France

Secret des affaires : le Sénat va plus loin que le gouvernement

Le Sénat a adopté la proposition de loi pour protéger le «secret des affaires» malgré l'opposition de la gauche. Contre l'avis du gouvernement, il a élargi la définition du secret des affaires aux informations qui ont «une valeur économique».

Les sénateurs ont fait du zèle dans la nuit du 18 au 19 avril concernant la proposition de loi pour protéger le «secret des affaires». Le Sénat a ainsi élargi le secret des affaires aux informations qui ont «une valeur économique», le texte initial quant à lui évoquait simplement les informations qui avaient une «valeur commerciale». Un choix effectué contre l'avis du gouvernement.

Le texte, déjà adopté à l'Assemblée nationale, a recueilli 248 voix pour et 95 contre, celles des sénateurs de gauche. Il fera à présent l'objet d'une commission mixte paritaire qui sera chargée de trouver une version commune aux deux chambres. Il transpose une directive adoptée par le Parlement européen en juin 2016 après 18 mois de vifs débats. Une vingtaine de sociétés de journalistes, ainsi qu'une cinquantaine de lanceurs d'alerte, de syndicats, comme le Syndicat national des journalistes (SNJ) ou d'associations ont exprimé leur opposition à l'adoption de la proposition de loi.

«On vient d'adopter à marche forcée un texte contesté», a accusé Fabien Gay (CRCE, à majorité communiste), dont les propos ont été rapportés par l'AFP. «ONG, lanceurs d'alerte, chercheurs, journalistes, représentants syndicaux, tous ceux qui se battent pour l'intérêt général verront leur combat compliqué», a-t-il ajouté. Lors de son intervention au Sénat, Fabien Gay a dénoncé : «Le secret des affaires prime dans ce texte et les libertés fondamentales sont reléguées aux rang d'exception à la règle.»

«Marche forcée, absence d'étude d'impact, les griefs sont nombreux», a jugé de son côté le sénateur de Saône-et-Loire Jérôme Durain (groupe socialiste et républicain) pour l'AFP. «Ce texte n'atteint pas l'équilibre entre protection du secret des affaires et liberté d'expression», s'est-il inquiété.

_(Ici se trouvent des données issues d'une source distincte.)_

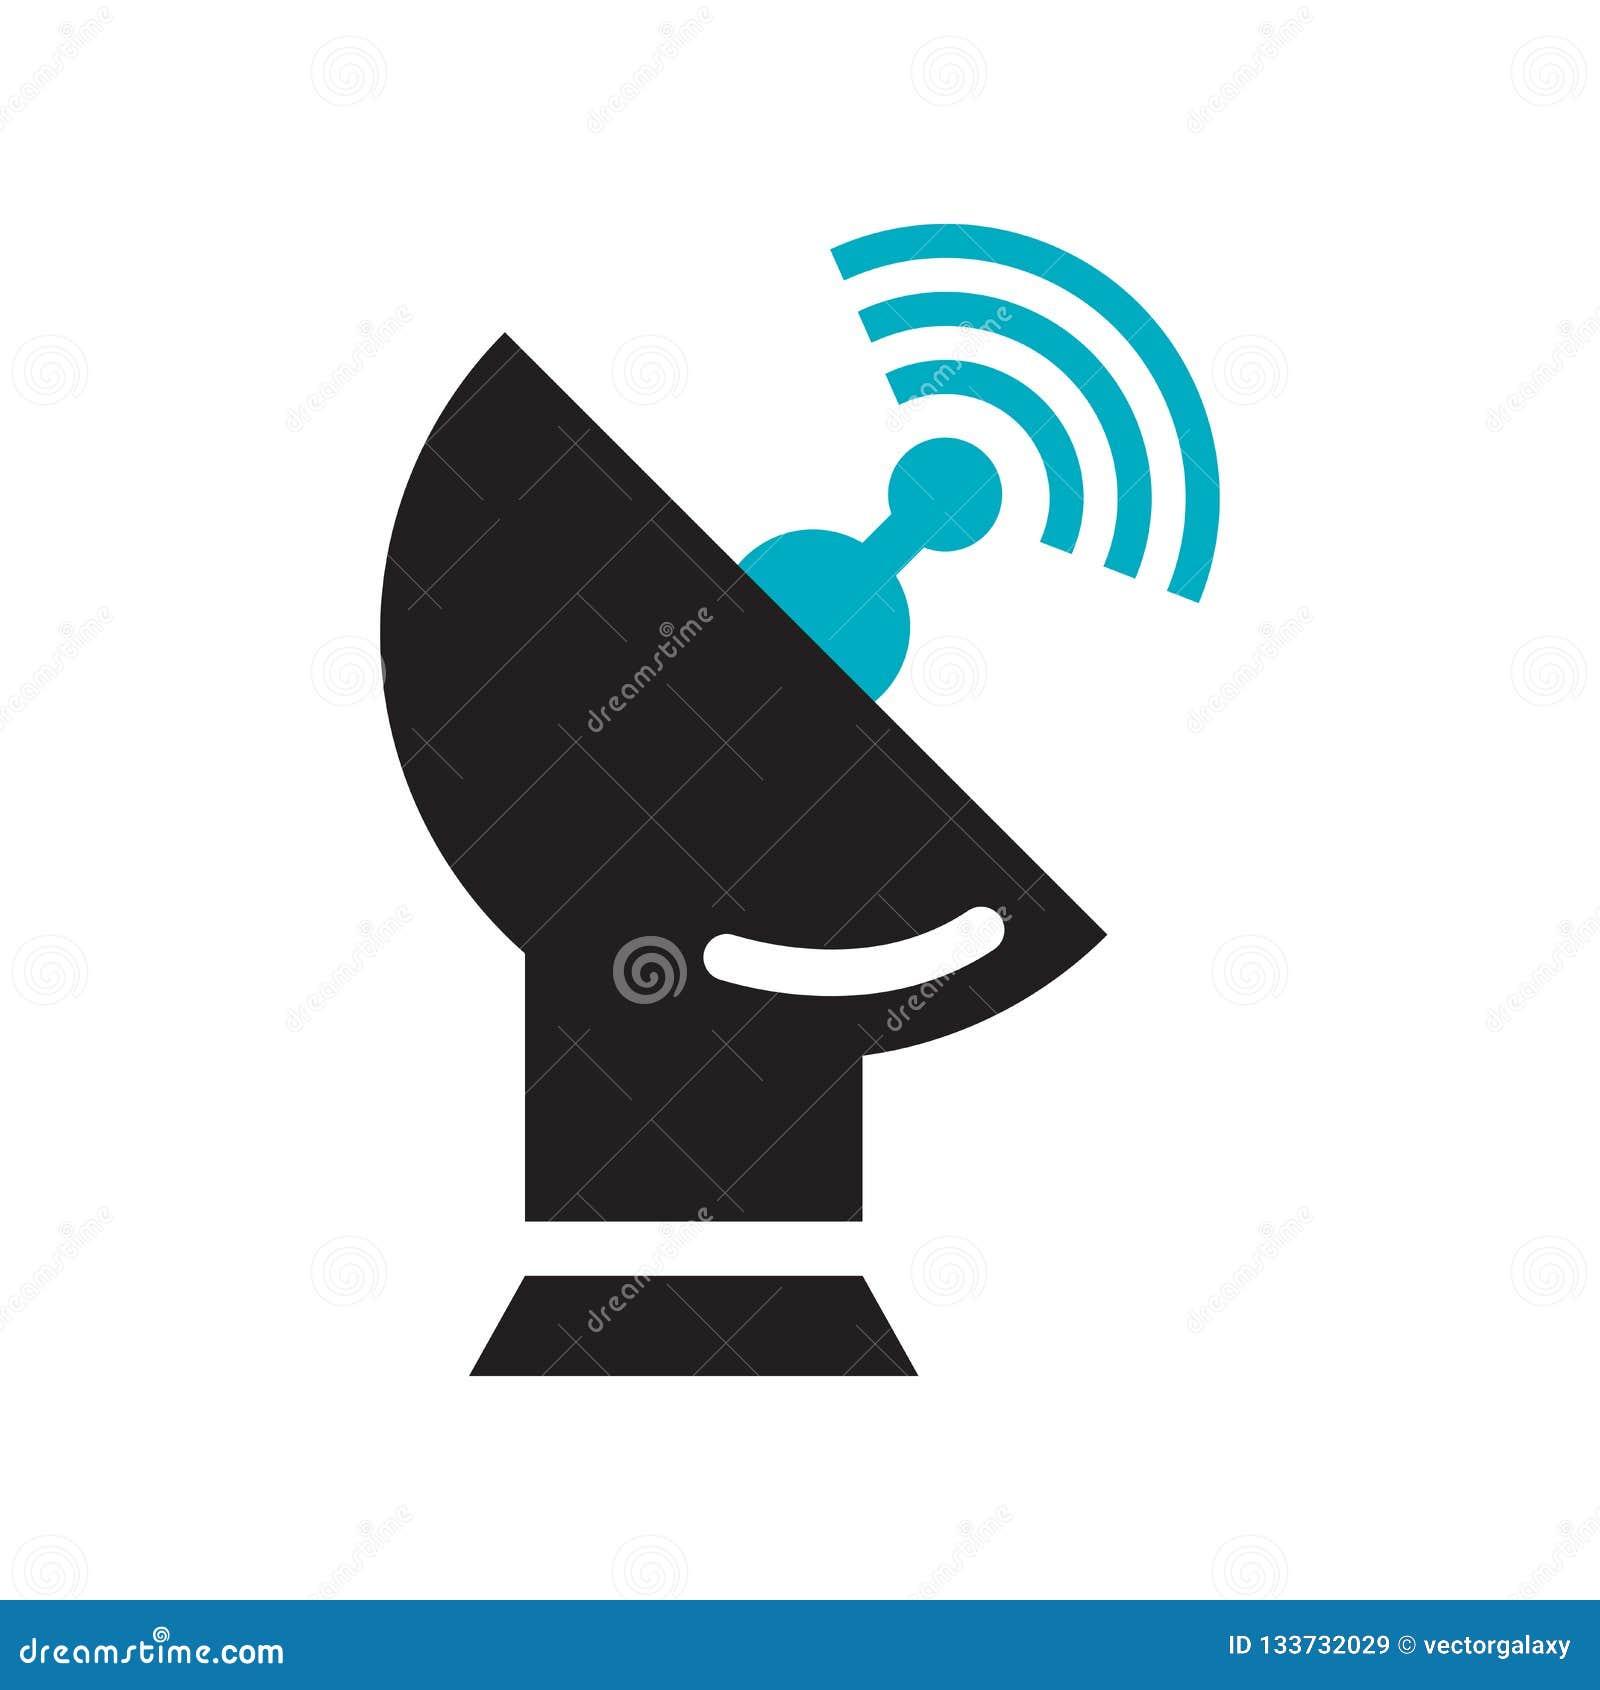 Δορυφορικά σημάδι και σύμβολο εικονιδίων κεραιών διανυσματικά που απομονώνονται στο άσπρο υπόβαθρο, δορυφορική έννοια λογότυπων κ
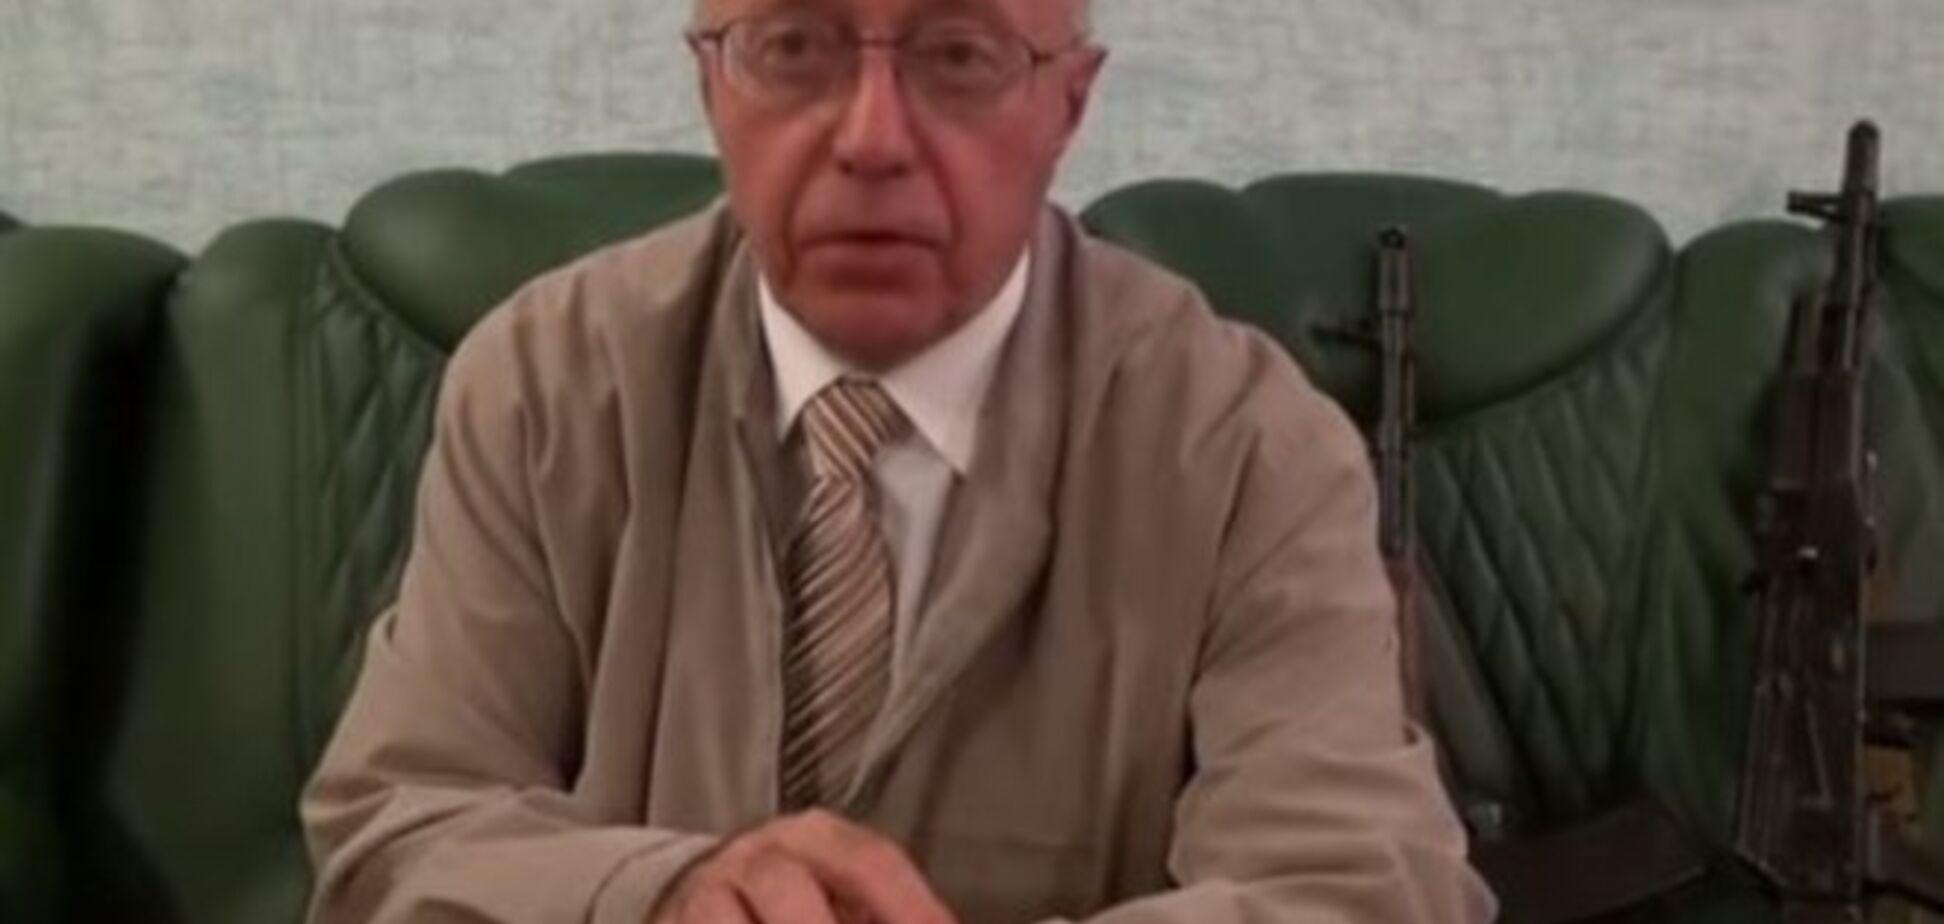 Идеолог 'Новороссии' обвинил Стрелкова в сотрудничестве с украинскими властями

Lors du débat, la ministre de la Justice Nicole Belloubet a reconnu que «certains secrets pouvaient être divulgués dans un but d'intérêt général par des journalistes et des lanceurs d'alerte, et pour l'exercice des droits des salariés au sein de l'entreprise». «Les juridictions, gardiennes des libertés individuelles, feront la balance des intérêts en présence en veillant à ce qu'aucun lanceur d'alerte ne soit condamné», a-t-elle assuré.